##### Data records #####
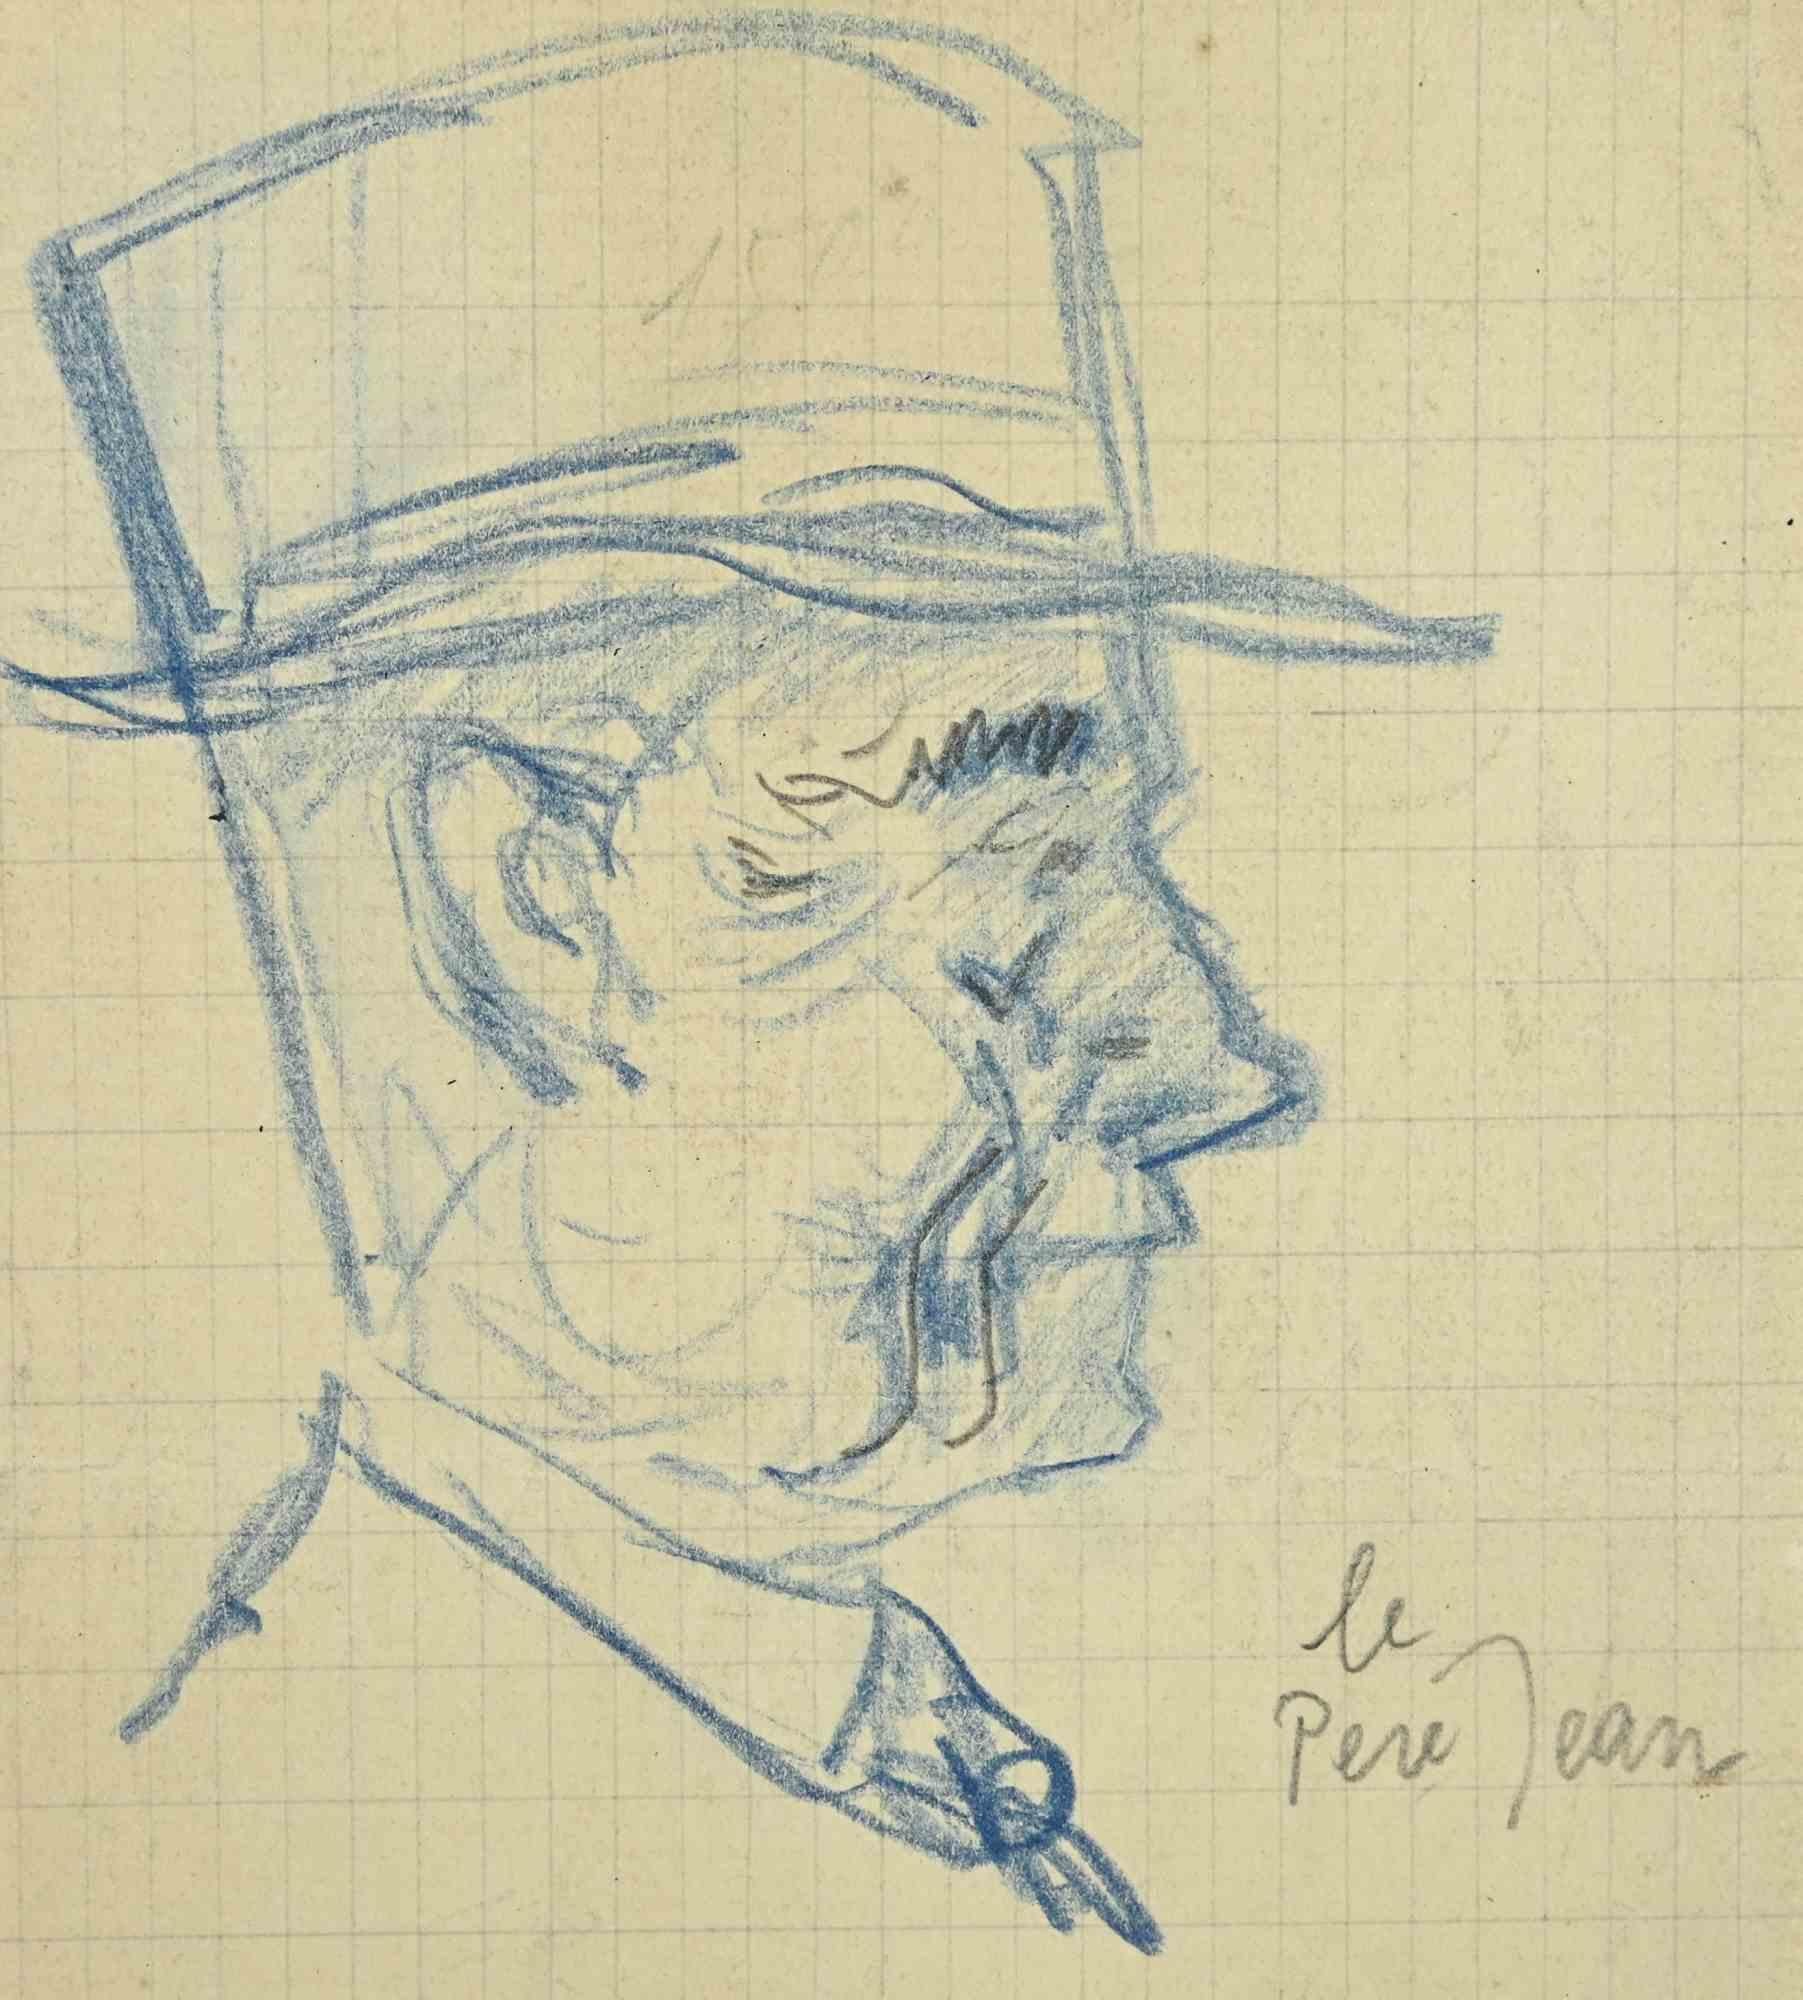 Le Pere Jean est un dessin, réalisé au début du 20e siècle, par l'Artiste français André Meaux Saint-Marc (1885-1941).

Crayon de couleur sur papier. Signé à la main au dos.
#####
##### Data records #####
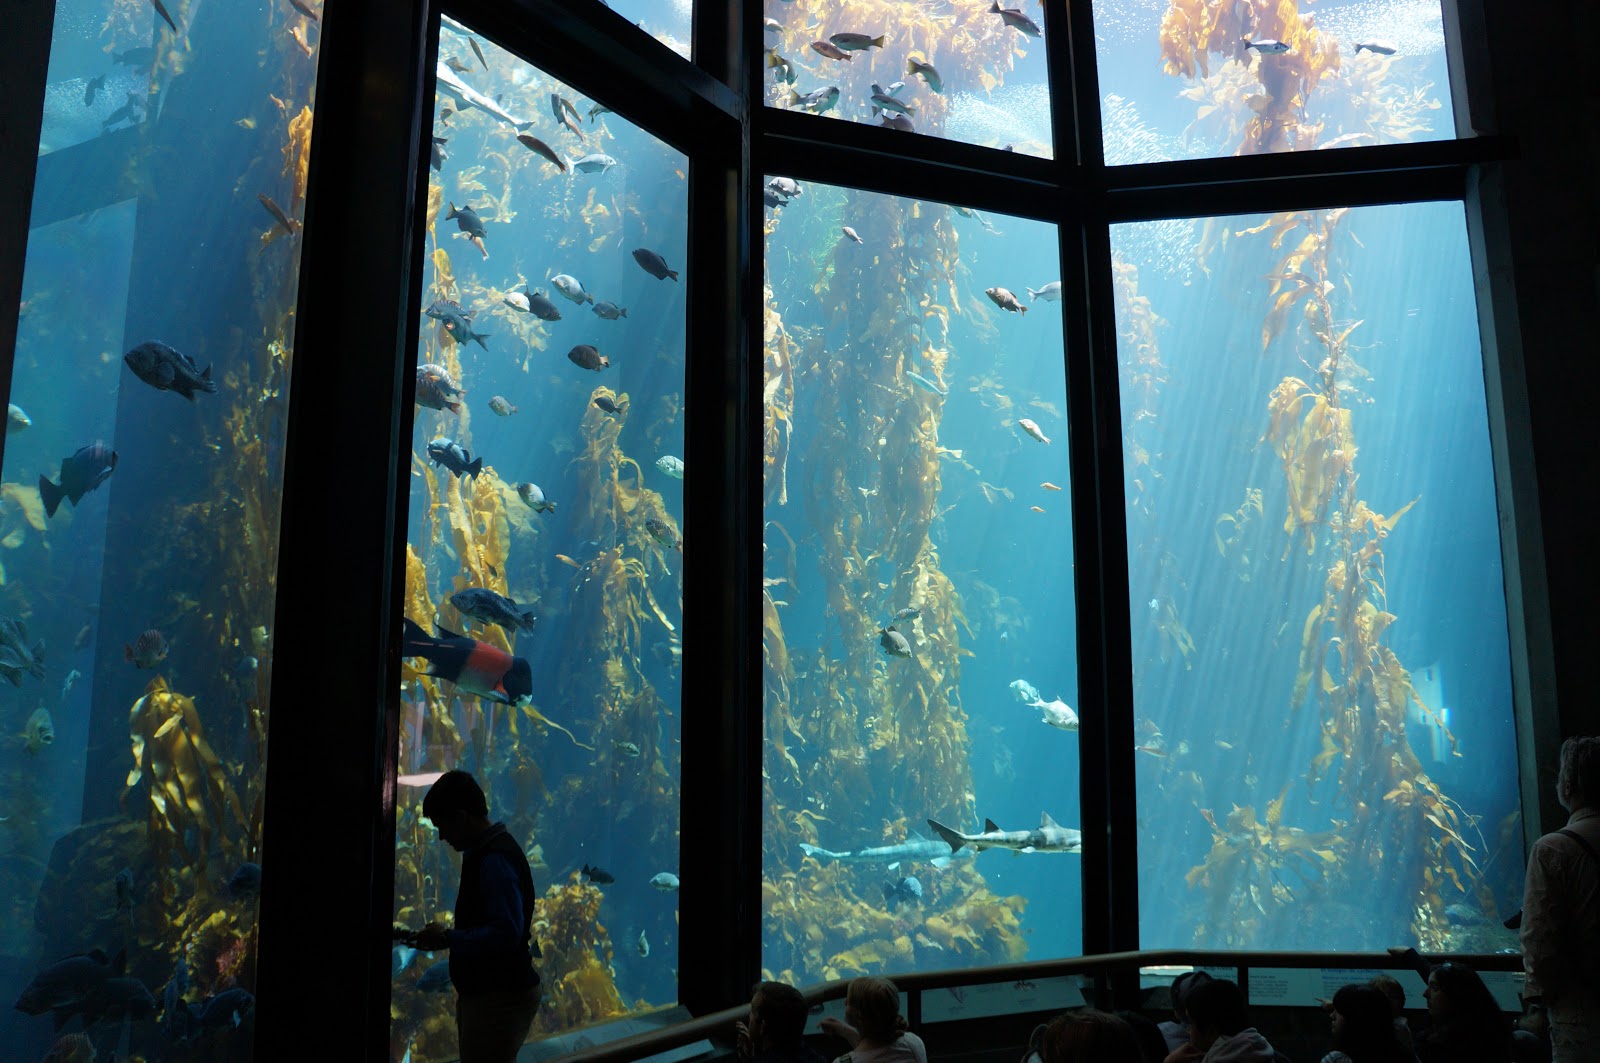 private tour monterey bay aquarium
#####
Given the listing above, repeat exactly the lines starting at the one with "Le Pere Jean" and ending at the one with "Crayon de couleur", inclusive, excluding pictures.

 Le Pere Jean est un dessin, réalisé au début du 20e siècle, par l'Artiste français André Meaux Saint-Marc (1885-1941).

Crayon de couleur sur papier. Signé à la main au dos.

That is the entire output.